RealKIE: Five Novel Datasets for Enterprise Key Information Extraction
Benjamin Townsend, Madison May, Katherine Mackowiak, Christopher Wells
TL;DR
RealKIE presents five enterprise-focused document-level KIE datasets (SEC S1 filings, NDA, UK Charity reports, FCC invoices, Resource contracts) that incorporate real-world OCR artifacts, sparse annotations, and complex layouts. It provides OCR outputs, labeled spans, preprocessing pipelines, and baseline results for four transformer models, illustrating the practical challenges of long-document KIE. The work analyzes OCR quality, layout complexity, sparsity, and data-type variety, and situates RealKIE among existing benchmarks as a more realistic, industry-relevant testbed. By releasing data, OCR, and baselines, RealKIE aims to accelerate robust, scalable information extraction methods applicable to real-world enterprise problems.
Abstract
We introduce RealKIE, a benchmark of five challenging datasets aimed at advancing key information extraction methods, with an emphasis on enterprise applications. The datasets include a diverse range of documents including SEC S1 Filings, US Non-disclosure Agreements, UK Charity Reports, FCC Invoices, and Resource Contracts. Each presents unique challenges: poor text serialization, sparse annotations in long documents, and complex tabular layouts.

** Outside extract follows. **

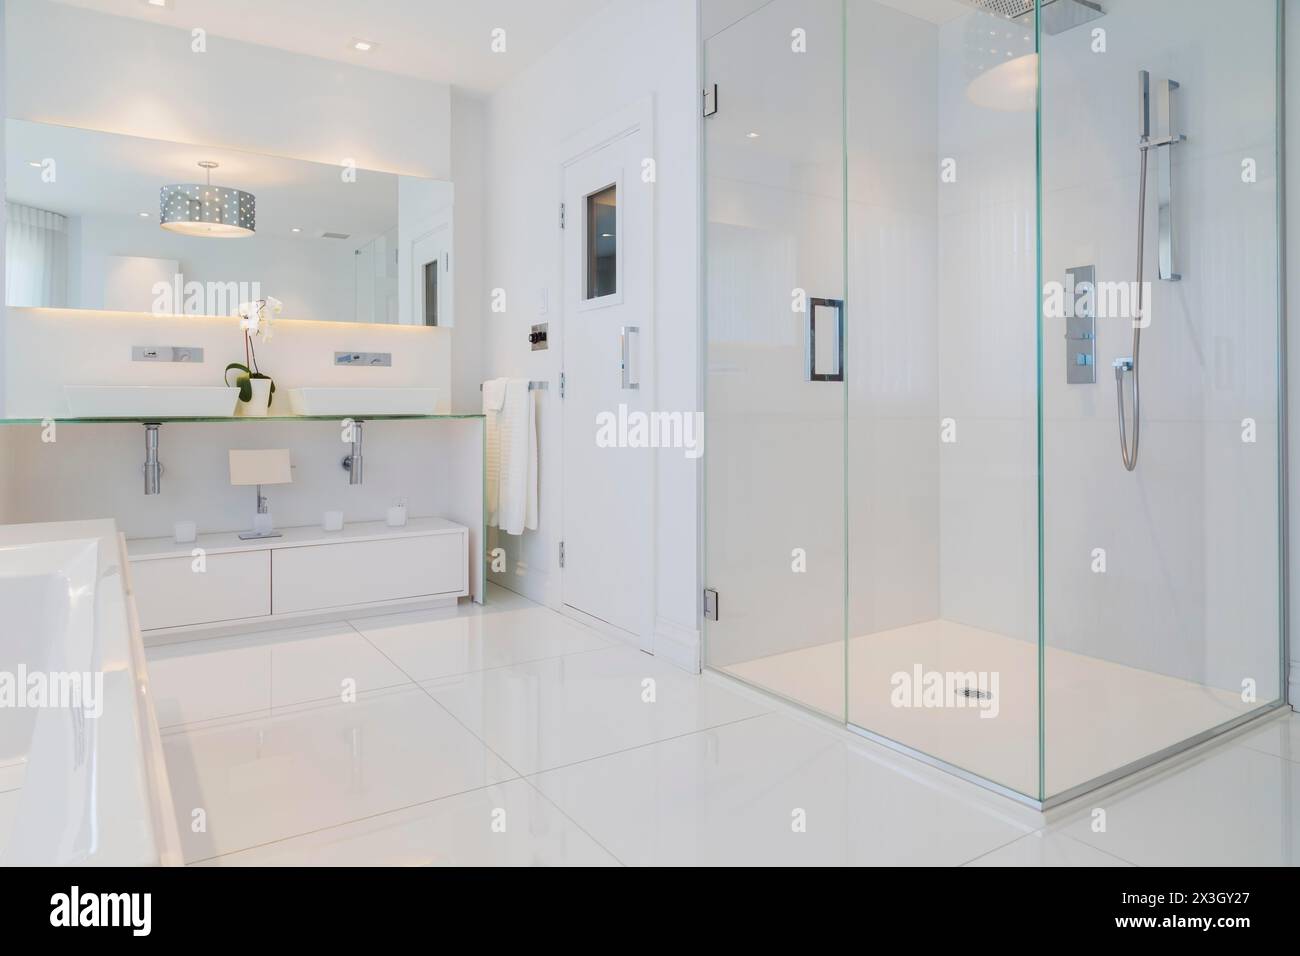 Partial view of white elongated rectangular bathtub and cabinets with large wall mirror, glass shower stall, sauna room door in en suite with ceramic Stock Photo

These datasets provide a realistic testing ground for key information extraction tasks like investment analysis and contract analysis. In addition to presenting these datasets, we offer an in-depth description of the annotation process, document processing techniques, and baseline modeling approaches. This contribution facilitates the development of NLP models capable of handling practical challenges and supports further research into information extraction technologies applicable to industry-specific problems. The annotated data, OCR outputs, and code to reproduce baselines are available to download at https://indicodatasolutions.github.io/RealKIE/.